*** Block opens ***

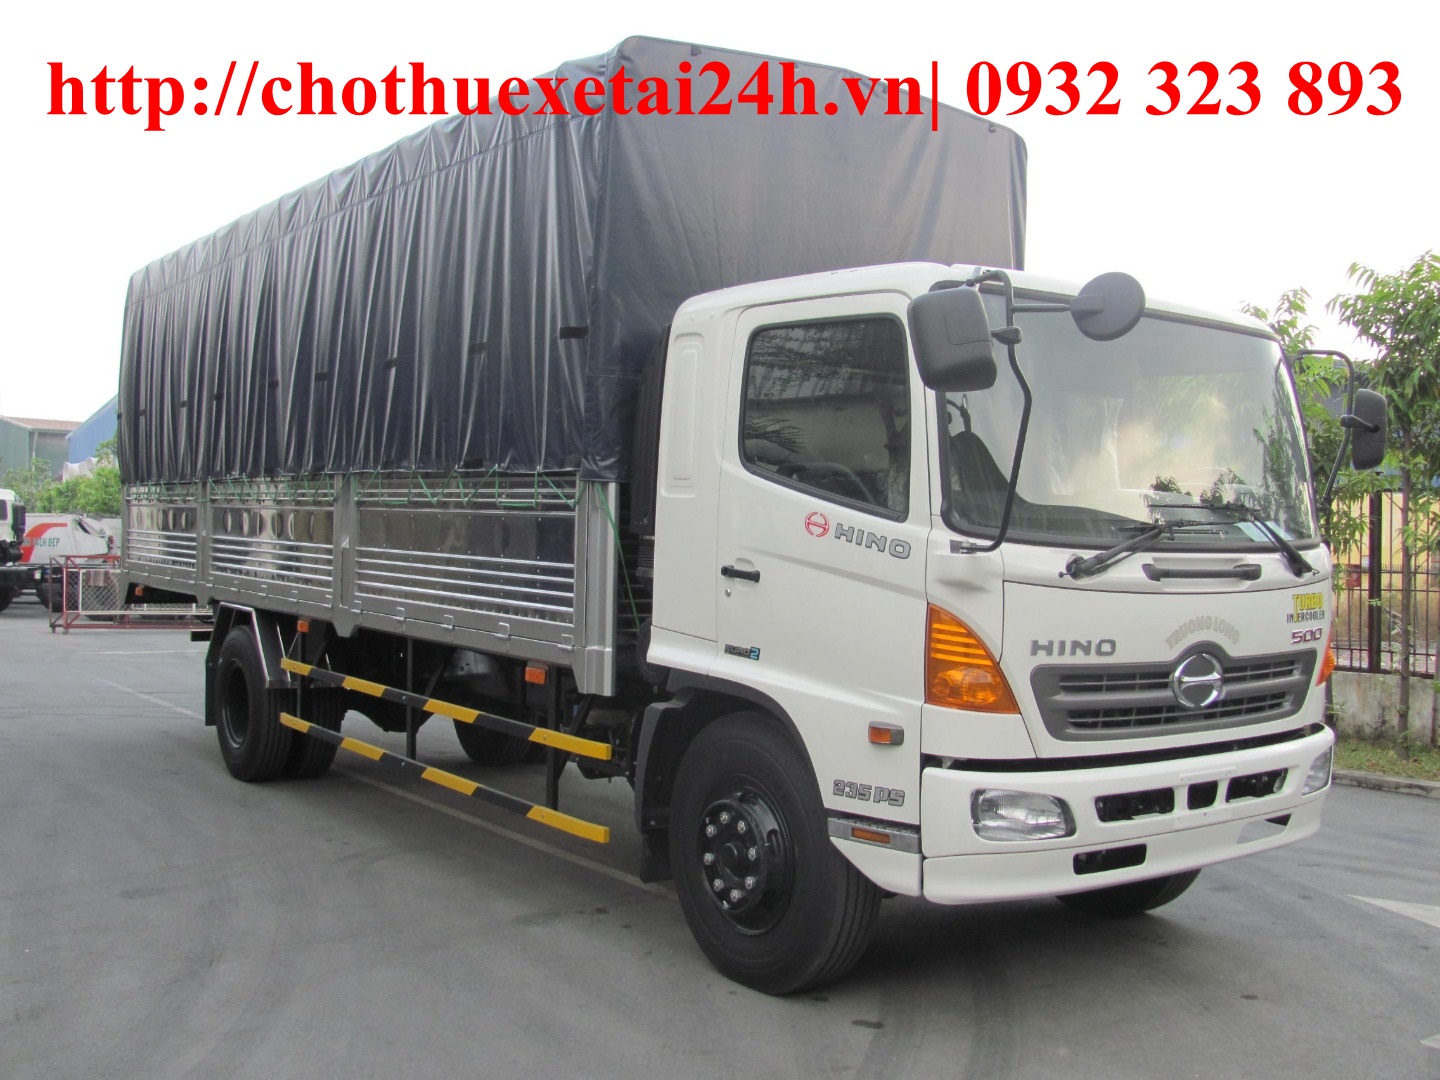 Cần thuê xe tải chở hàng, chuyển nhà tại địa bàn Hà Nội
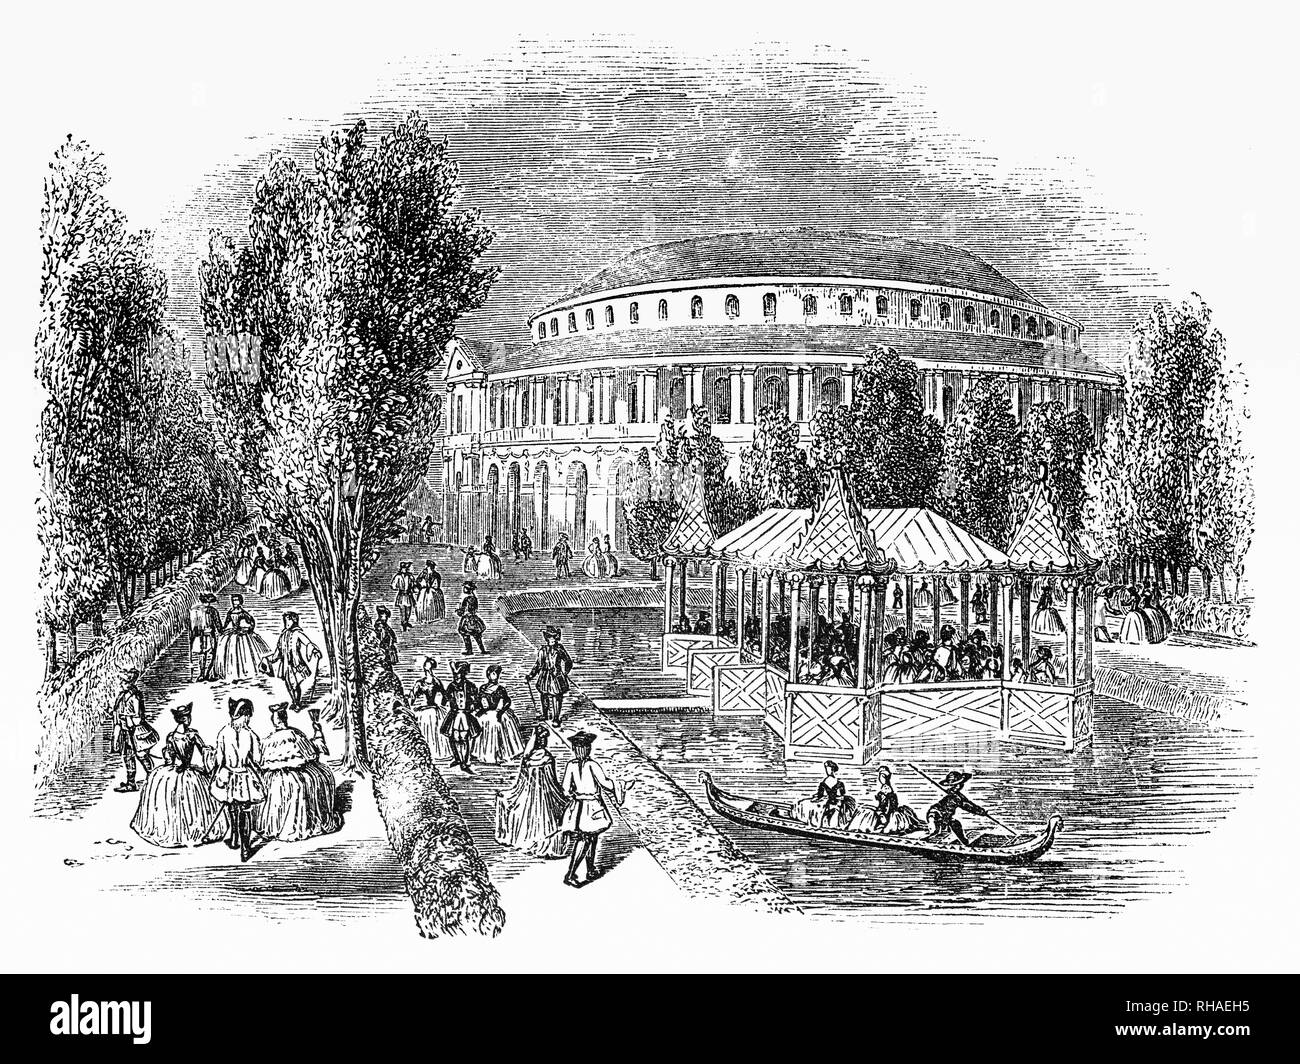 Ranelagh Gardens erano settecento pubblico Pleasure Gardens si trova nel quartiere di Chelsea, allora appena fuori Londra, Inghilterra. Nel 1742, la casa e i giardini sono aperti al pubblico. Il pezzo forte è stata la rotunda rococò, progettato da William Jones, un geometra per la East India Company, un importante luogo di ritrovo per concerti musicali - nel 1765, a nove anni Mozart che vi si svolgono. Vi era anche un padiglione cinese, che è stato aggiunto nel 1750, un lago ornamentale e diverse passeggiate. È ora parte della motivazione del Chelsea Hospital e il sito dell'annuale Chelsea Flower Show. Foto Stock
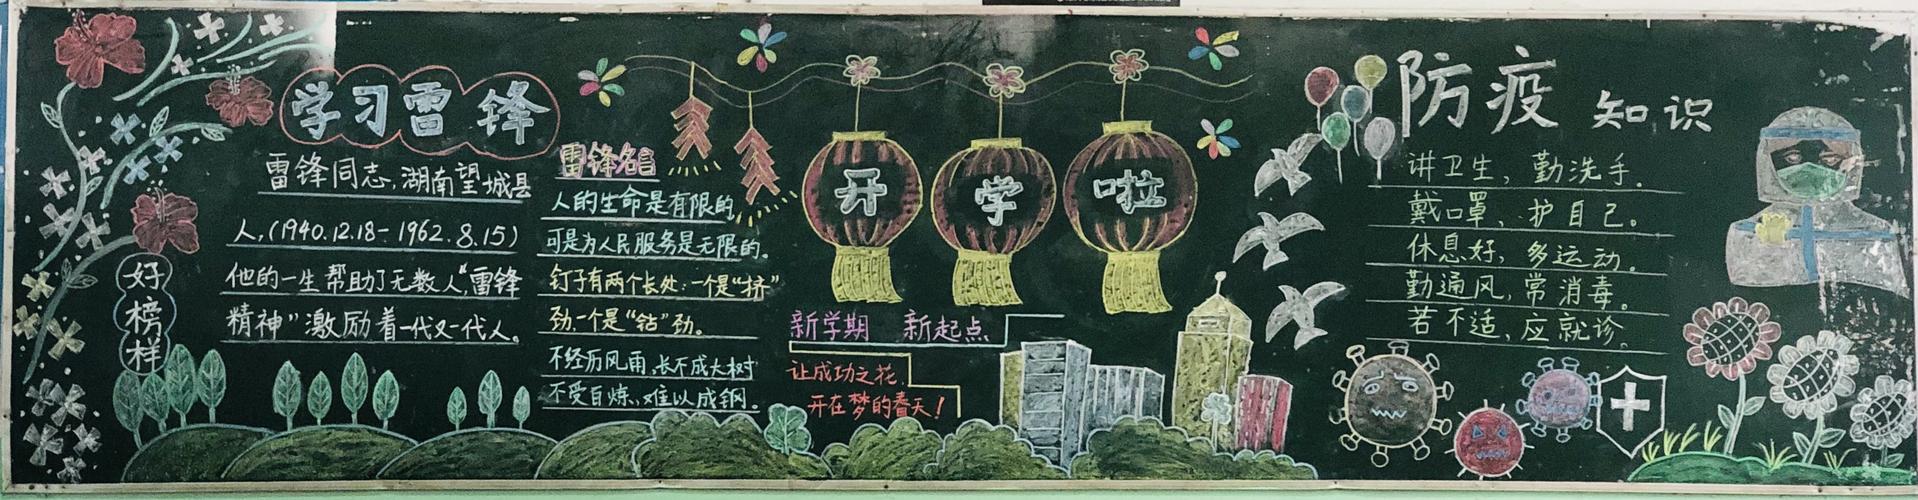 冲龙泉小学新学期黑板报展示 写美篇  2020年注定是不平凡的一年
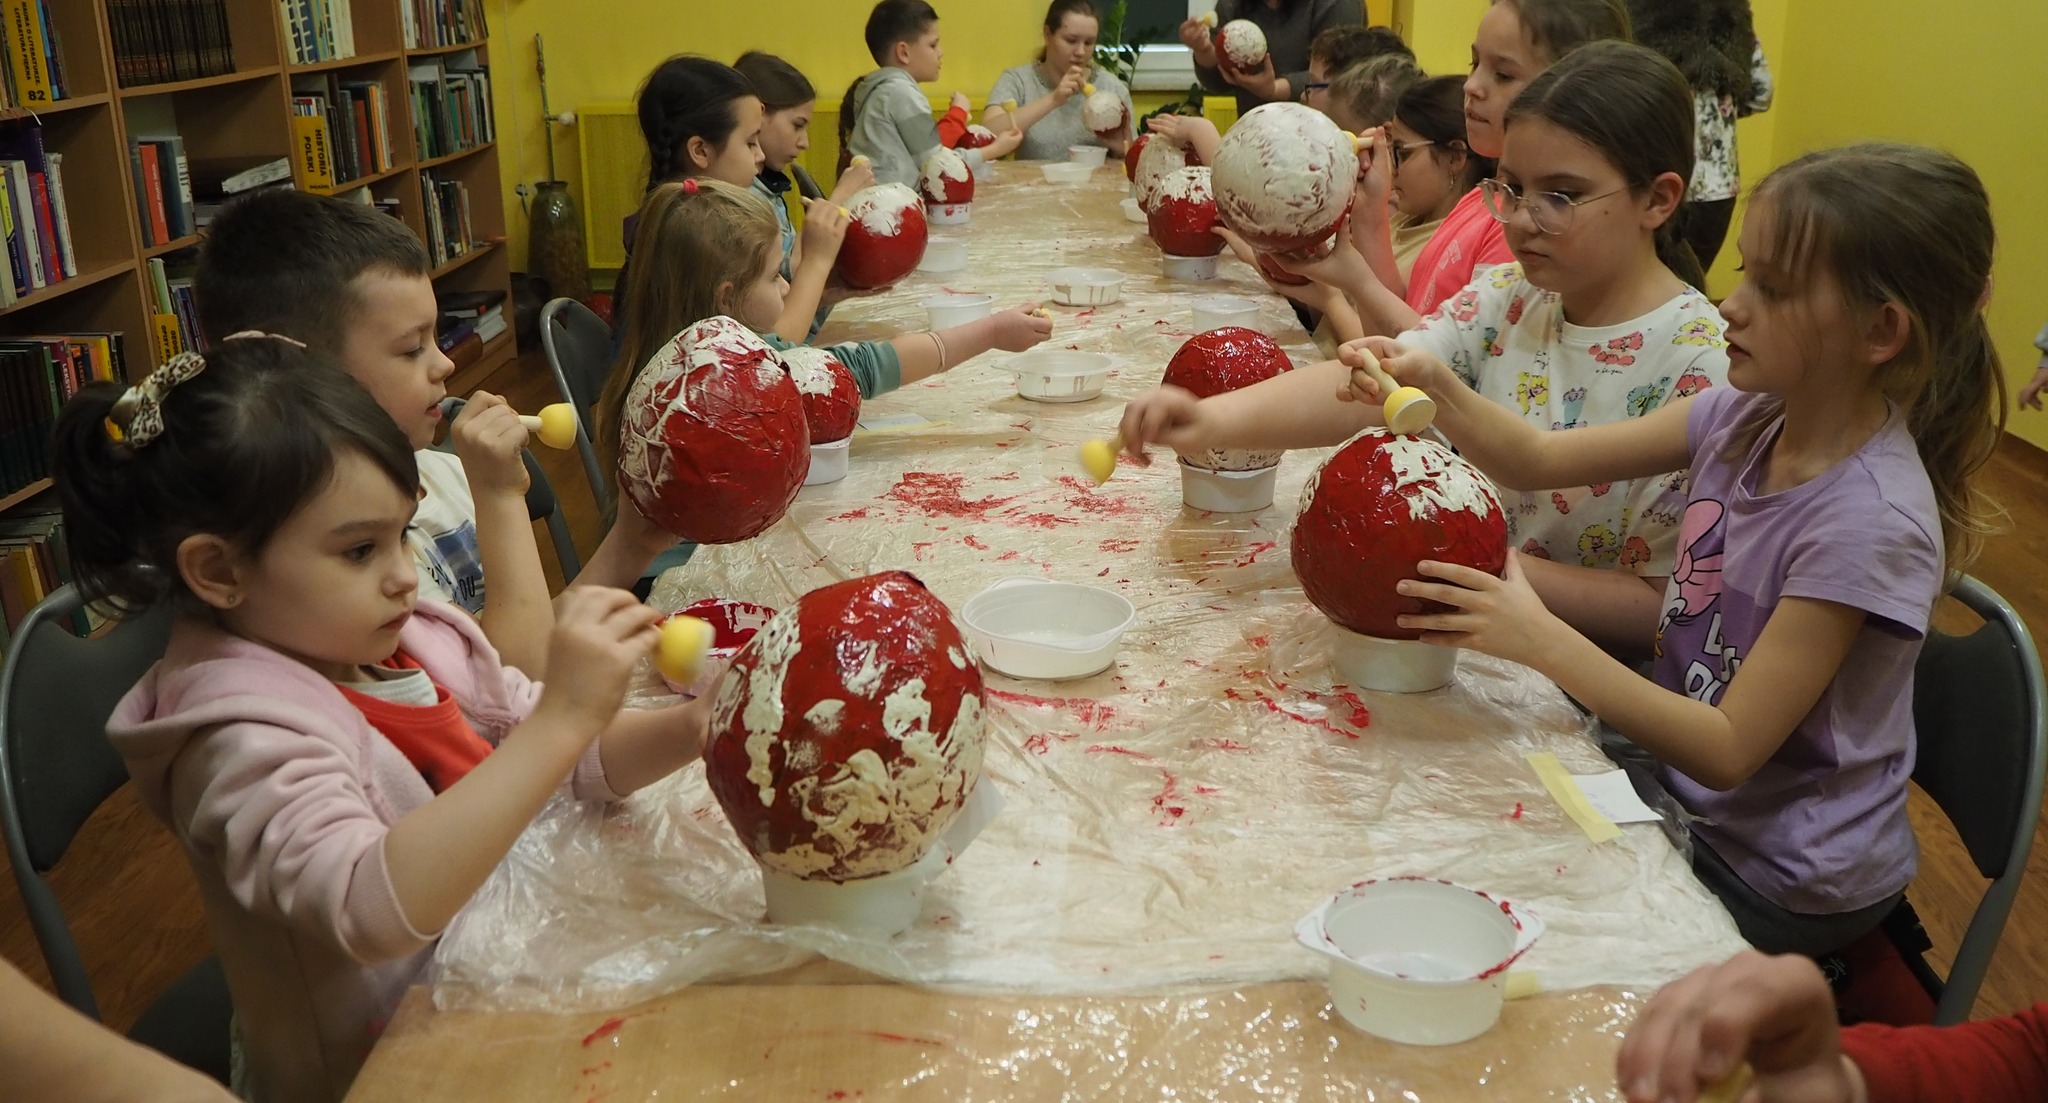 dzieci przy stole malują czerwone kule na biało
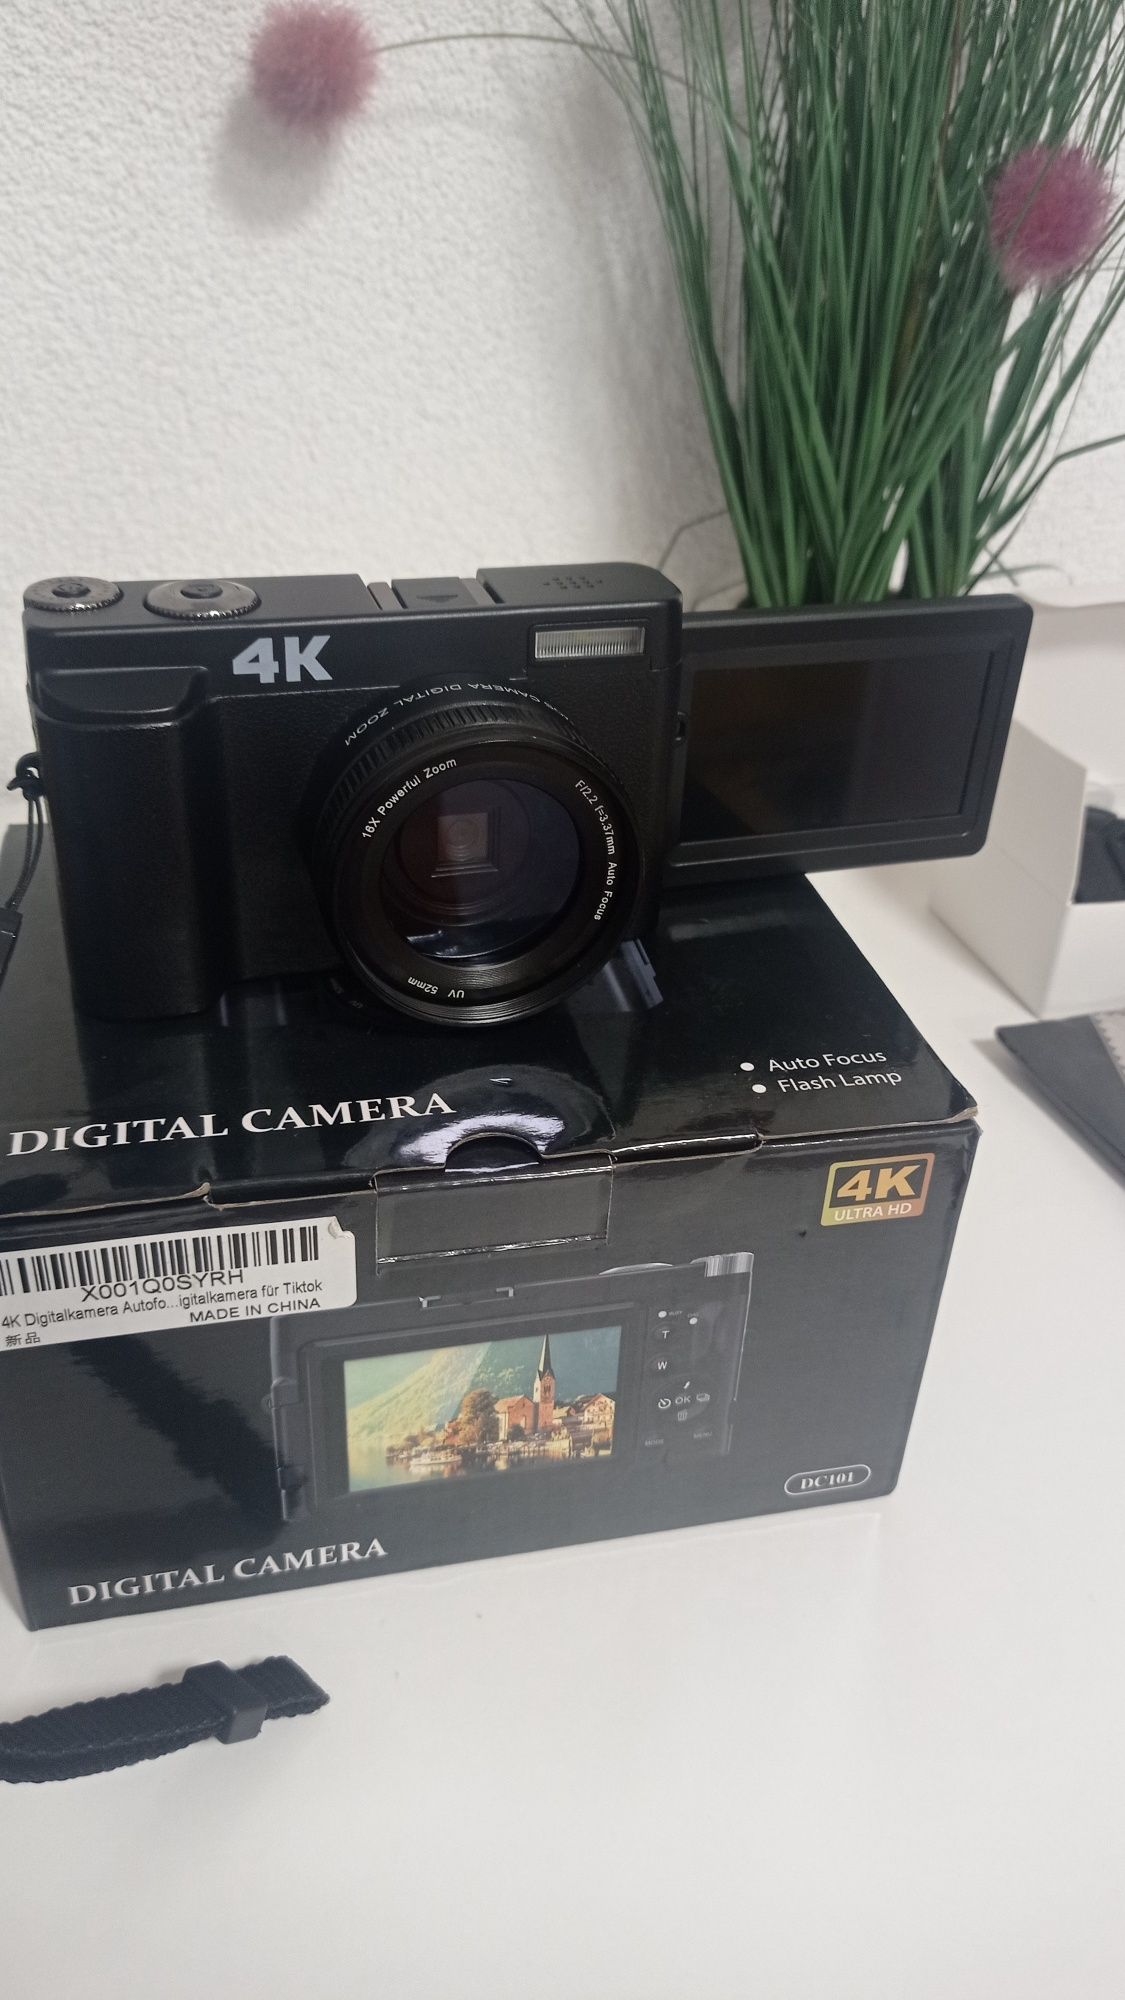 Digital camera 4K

*** Block closes ***

__Your assignment__: Starting at the line that holds "dzieci przy stole", retype every line through the end of the data, both ends included. Pictures stay out of the copy.

__The answer__:
 dzieci przy stole malują czerwone kule na biało
 Digital camera 4K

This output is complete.